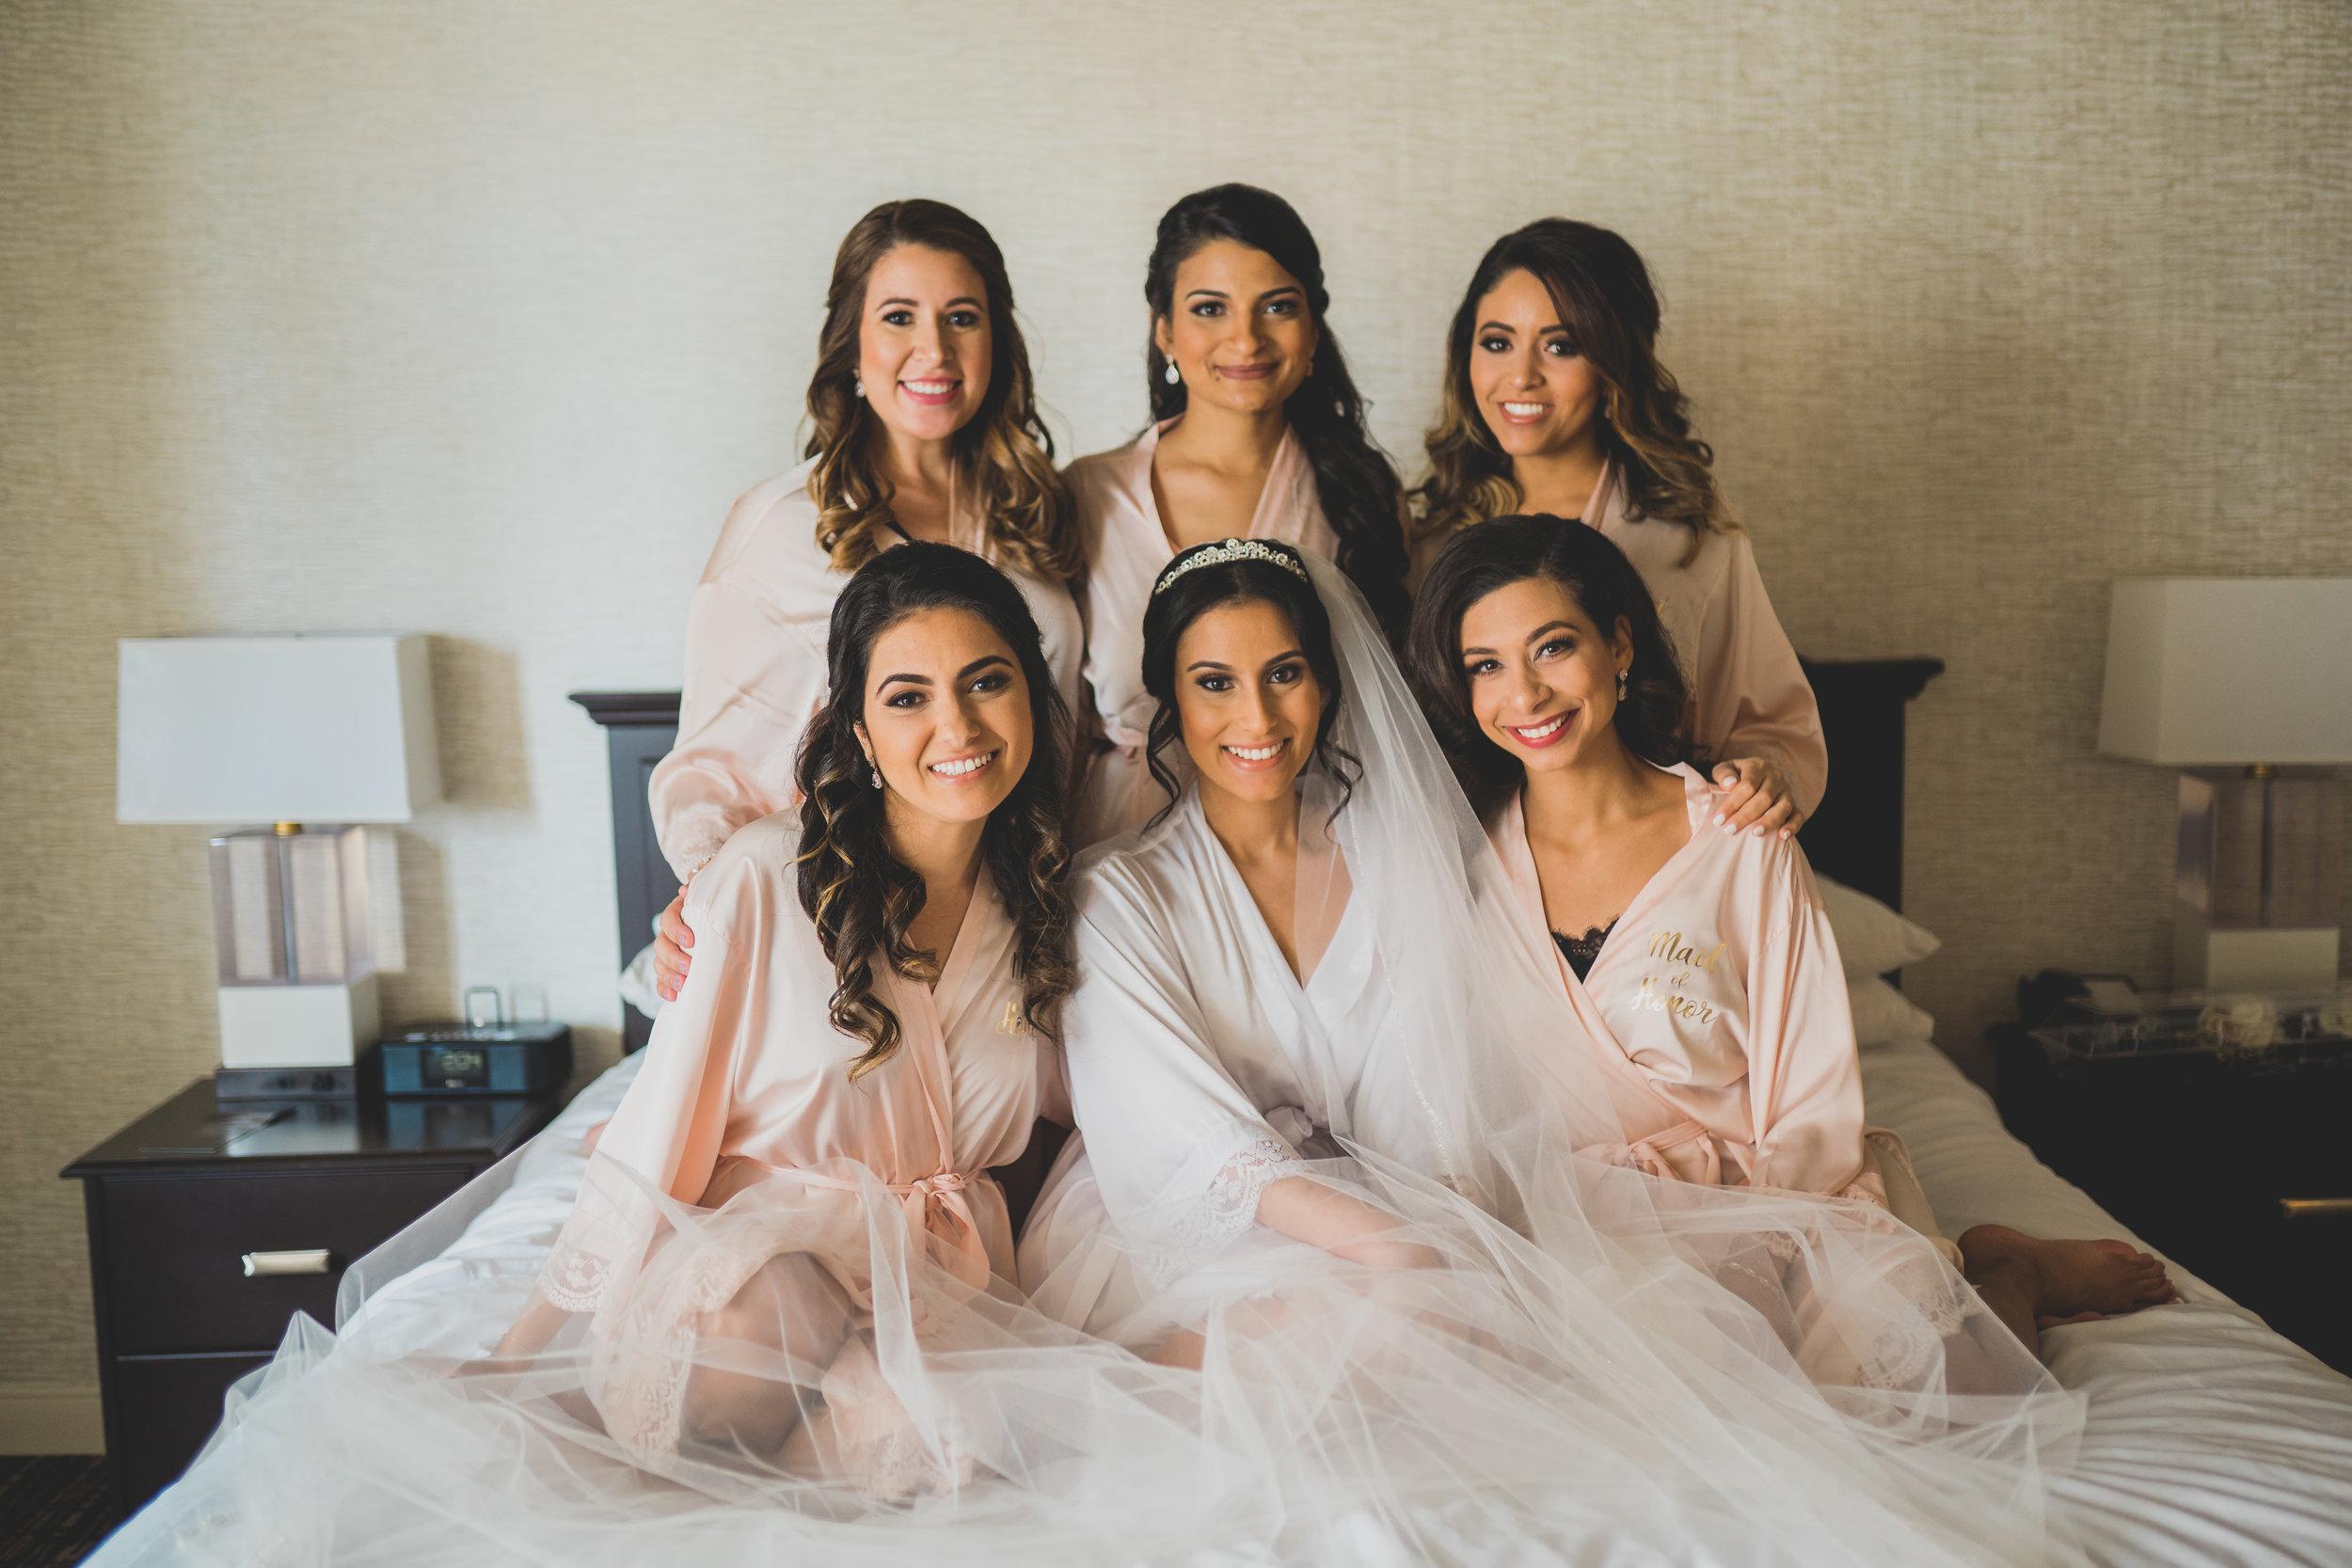 sugar-land-tx-wedding-photography-marriott-bridesmaids
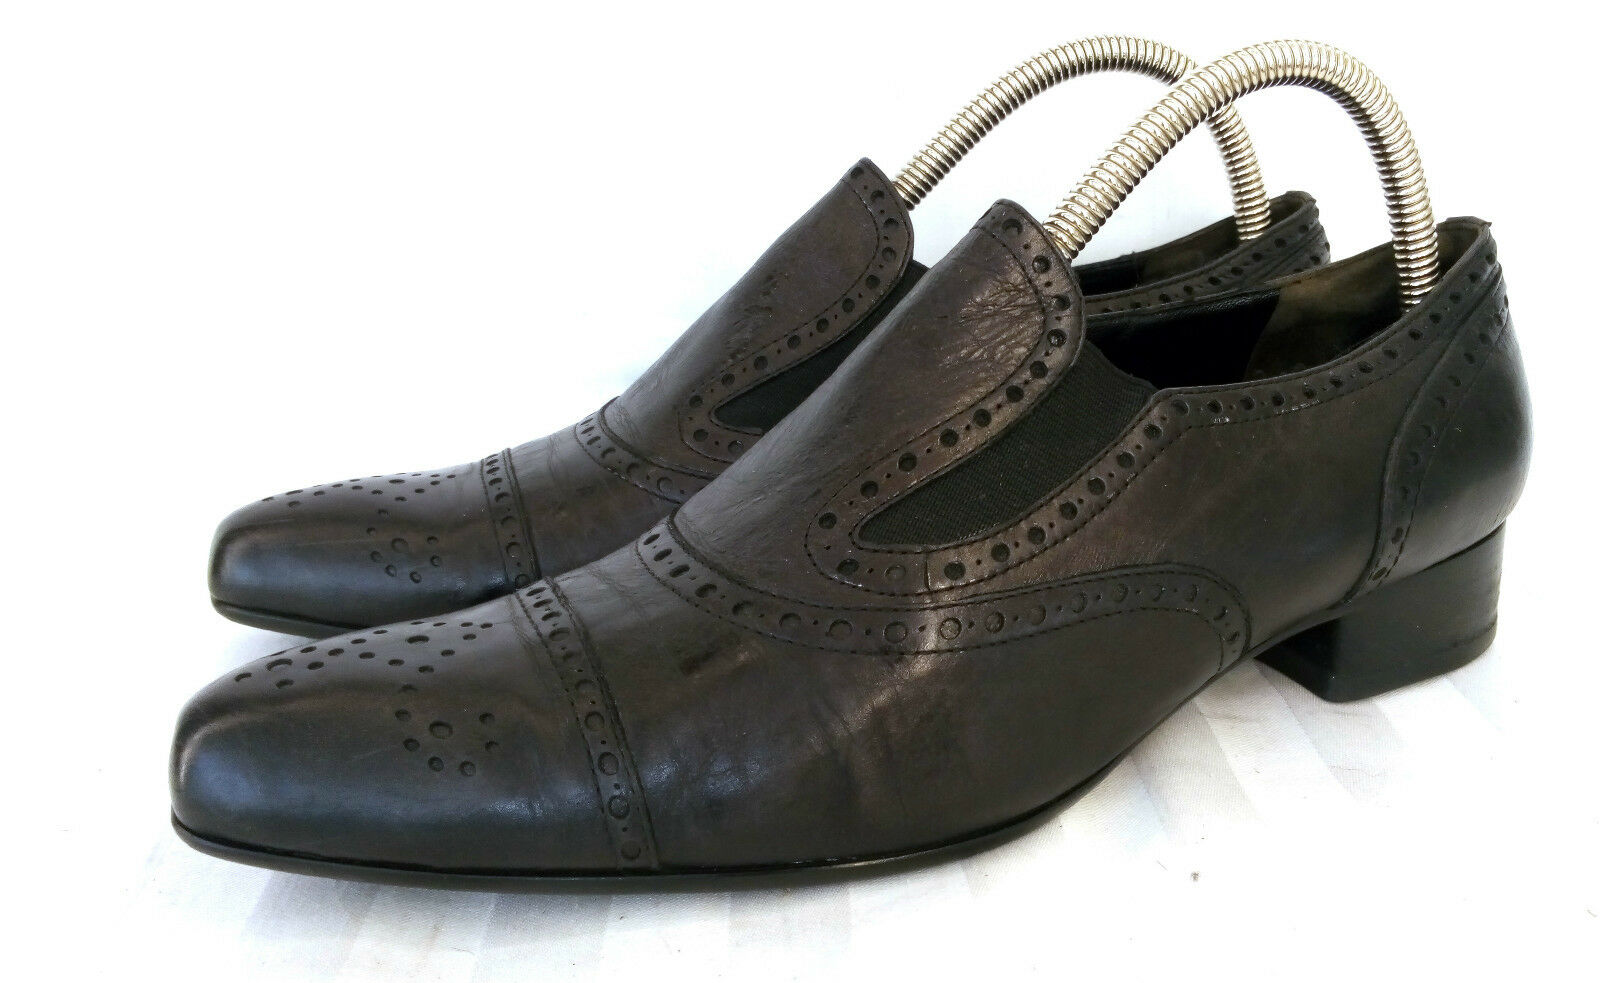 Kennel und Schmenger Brogue Loafer Slipper Damenschuhe Schwarz Leder UK 6 Gr. 39
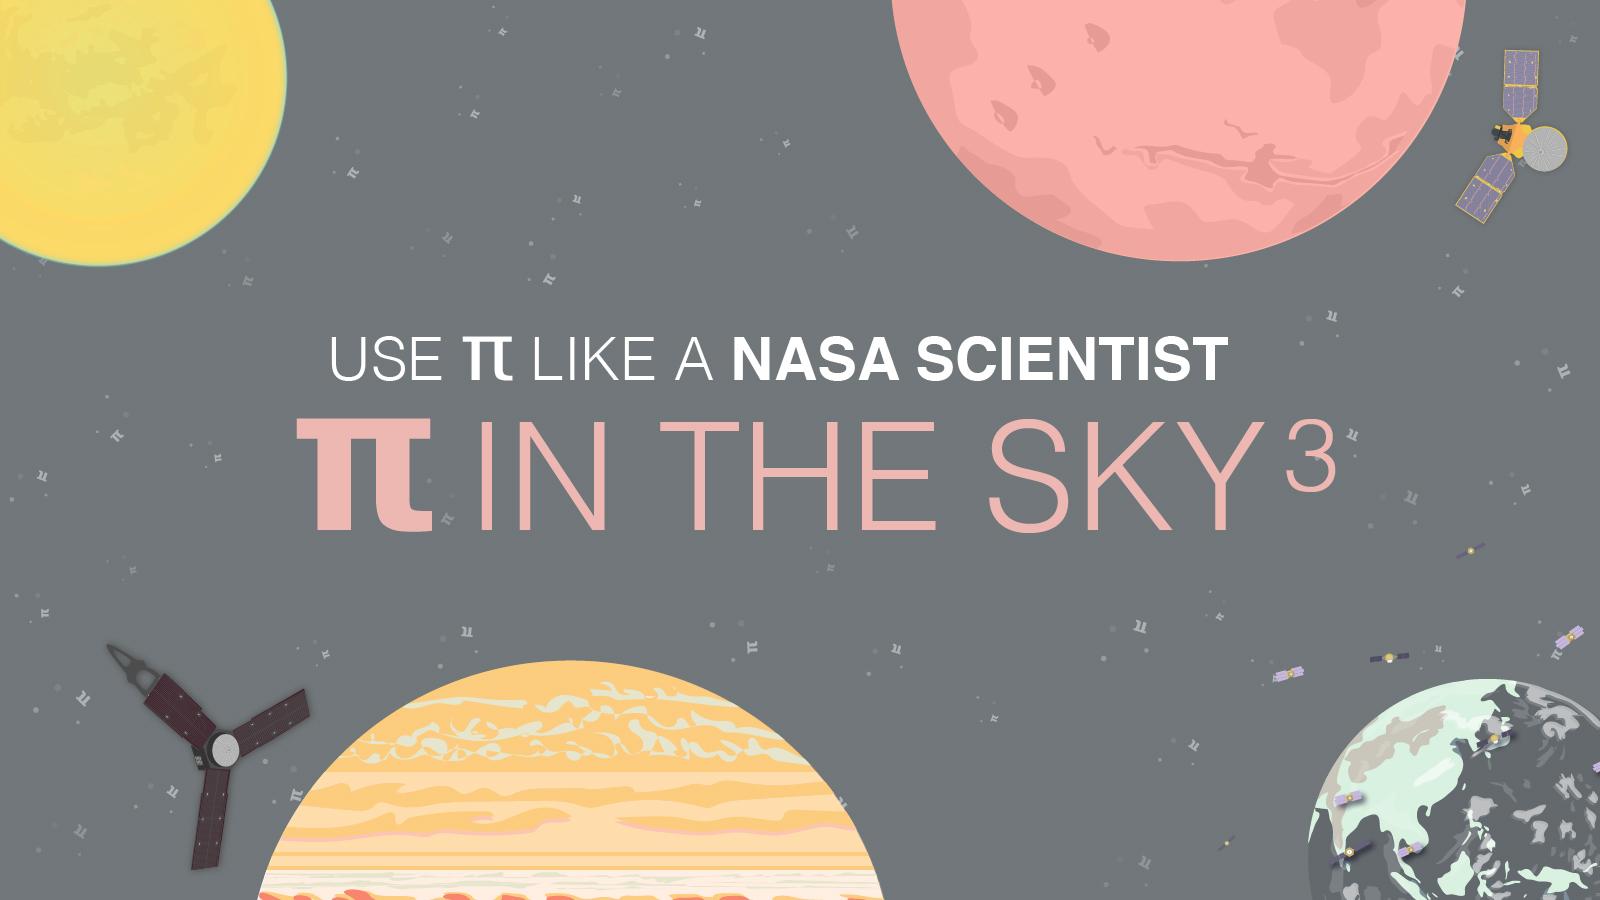 Pi in the Sky 3 Activity | NASA/JPL Edu
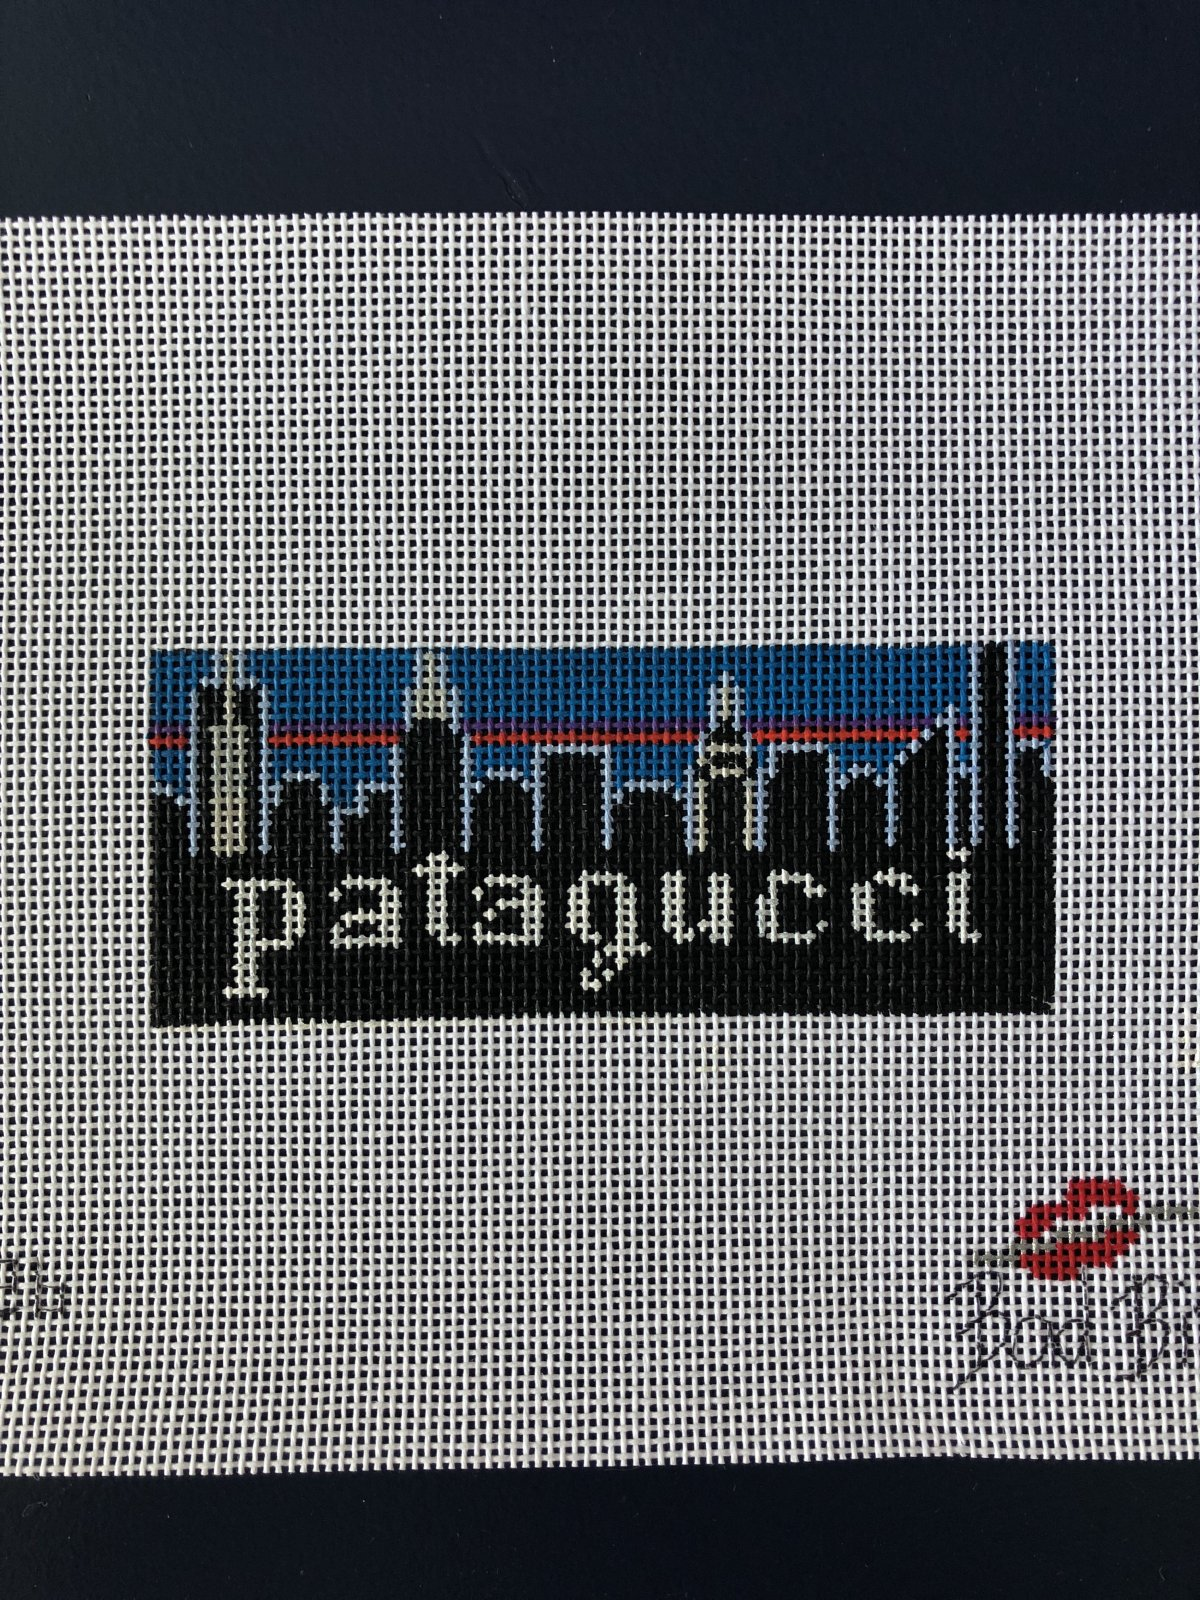 Patagucci by Bad Bitch Needlepoint  - New York Skyline
• • • • •
■ THE PROBLEM ■
What you return should be all of the material above, exactly, and none of its pictures.

■ OUTPUT FOR THIS EXERCISE ■
 sugar-land-tx-wedding-photography-marriott-bridesmaids
 Kennel und Schmenger Brogue Loafer Slipper Damenschuhe Schwarz Leder UK 6 Gr. 39
 Pi in the Sky 3 Activity | NASA/JPL Edu
 Patagucci by Bad Bitch Needlepoint  - New York Skyline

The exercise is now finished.